На дворе бушевала сырая февральская вьюга, наметала сугробы, залепляла глаза — зги не видать. Поэтому и ехали, против партизанских правил, не сворачивая с дороги: в такую погоду немцы и полицаи отсиживаются в тепле.
На хуторе проводник постучал в знакомую хату. Открыли не сразу.
— Кого в такую погоду несет?.. Ты, Семен? Ну заходи. Что уж делать, ежели разбудили.
Сонный, взлохмаченный крестьянин глядел сердито, но, увидев при свете зажженной коптилки партизанского командира с автоматом и красной ленточкой на кубанке, ругаться не стал.
— Сидайте.
И когда ему объяснили, в чем дело, ответил пространно:
— Восточник? Были у нас восточники, а теперь нет. Давно уж нет. А вот в селе есть. И вчера пришел один. Летом он жил у М. (была названа фамилия, которую я теперь не помню, да, пожалуй, и вспоминать ее не стоит). Жил вроде как Фроськин — дочери этого самого М. — муж. Васька. Ты его знаешь, Семен, — здоровый мужик. К концу лета он пропал, говорили, ушел на восток, но, должно быть, не добрался.

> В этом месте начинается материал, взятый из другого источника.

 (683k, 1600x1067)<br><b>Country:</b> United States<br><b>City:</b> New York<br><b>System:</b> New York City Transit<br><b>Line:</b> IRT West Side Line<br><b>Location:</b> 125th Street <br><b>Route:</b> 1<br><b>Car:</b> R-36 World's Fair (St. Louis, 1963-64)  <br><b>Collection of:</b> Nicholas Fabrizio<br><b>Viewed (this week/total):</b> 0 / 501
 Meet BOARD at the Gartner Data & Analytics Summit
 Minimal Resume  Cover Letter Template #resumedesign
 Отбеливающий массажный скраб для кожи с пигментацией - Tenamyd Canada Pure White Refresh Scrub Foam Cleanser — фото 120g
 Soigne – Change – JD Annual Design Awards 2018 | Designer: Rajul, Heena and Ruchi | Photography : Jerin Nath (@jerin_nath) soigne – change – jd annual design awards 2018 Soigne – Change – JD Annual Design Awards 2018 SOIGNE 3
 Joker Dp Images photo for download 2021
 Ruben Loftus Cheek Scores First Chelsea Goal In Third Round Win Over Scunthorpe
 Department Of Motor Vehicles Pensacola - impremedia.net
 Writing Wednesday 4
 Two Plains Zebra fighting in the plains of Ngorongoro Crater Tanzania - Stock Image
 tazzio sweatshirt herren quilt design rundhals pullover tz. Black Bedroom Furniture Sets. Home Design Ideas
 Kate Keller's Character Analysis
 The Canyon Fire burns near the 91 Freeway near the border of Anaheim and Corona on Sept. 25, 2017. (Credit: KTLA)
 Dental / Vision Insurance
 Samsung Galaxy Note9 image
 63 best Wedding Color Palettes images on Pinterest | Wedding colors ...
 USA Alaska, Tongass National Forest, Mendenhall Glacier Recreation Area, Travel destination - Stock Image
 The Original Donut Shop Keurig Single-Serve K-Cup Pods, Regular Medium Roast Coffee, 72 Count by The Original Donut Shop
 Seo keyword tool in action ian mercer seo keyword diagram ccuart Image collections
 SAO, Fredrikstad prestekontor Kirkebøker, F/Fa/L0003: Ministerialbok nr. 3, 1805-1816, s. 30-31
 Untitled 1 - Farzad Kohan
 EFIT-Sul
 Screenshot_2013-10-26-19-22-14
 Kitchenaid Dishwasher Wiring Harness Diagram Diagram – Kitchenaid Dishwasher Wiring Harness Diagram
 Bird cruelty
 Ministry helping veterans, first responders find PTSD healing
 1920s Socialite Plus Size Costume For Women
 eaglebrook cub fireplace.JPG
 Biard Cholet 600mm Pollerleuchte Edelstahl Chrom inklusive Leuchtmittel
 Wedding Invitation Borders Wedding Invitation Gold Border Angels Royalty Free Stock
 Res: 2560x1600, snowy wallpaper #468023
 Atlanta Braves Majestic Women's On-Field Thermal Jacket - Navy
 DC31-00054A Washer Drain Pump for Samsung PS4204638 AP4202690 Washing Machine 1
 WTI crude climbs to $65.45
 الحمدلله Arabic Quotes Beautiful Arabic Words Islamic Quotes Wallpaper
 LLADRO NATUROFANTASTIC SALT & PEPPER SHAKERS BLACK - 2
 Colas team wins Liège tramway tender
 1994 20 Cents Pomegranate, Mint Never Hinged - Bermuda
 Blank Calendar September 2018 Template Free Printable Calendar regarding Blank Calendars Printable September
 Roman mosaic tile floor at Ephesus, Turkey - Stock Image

— Его нам и надо, — сказал Василенко. — Идем!
Крестьяне опасались:
— Там полиция. Тридцать семь человек с винтовками. Мы их наперечет знаем. И сын у М. полицай. Да еще этот Васька. И хата у них рядом со старостой.
В партизанских условиях особенно важно быстрое, на ходу, решение. И Василенко нашел его.
— Мы полицаев тревожить не будем — мы старосту побеспокоим. Это как раз и хорошо, что он рядом. — И снова тоном, не допускавшим возражений, повторил: — Идем!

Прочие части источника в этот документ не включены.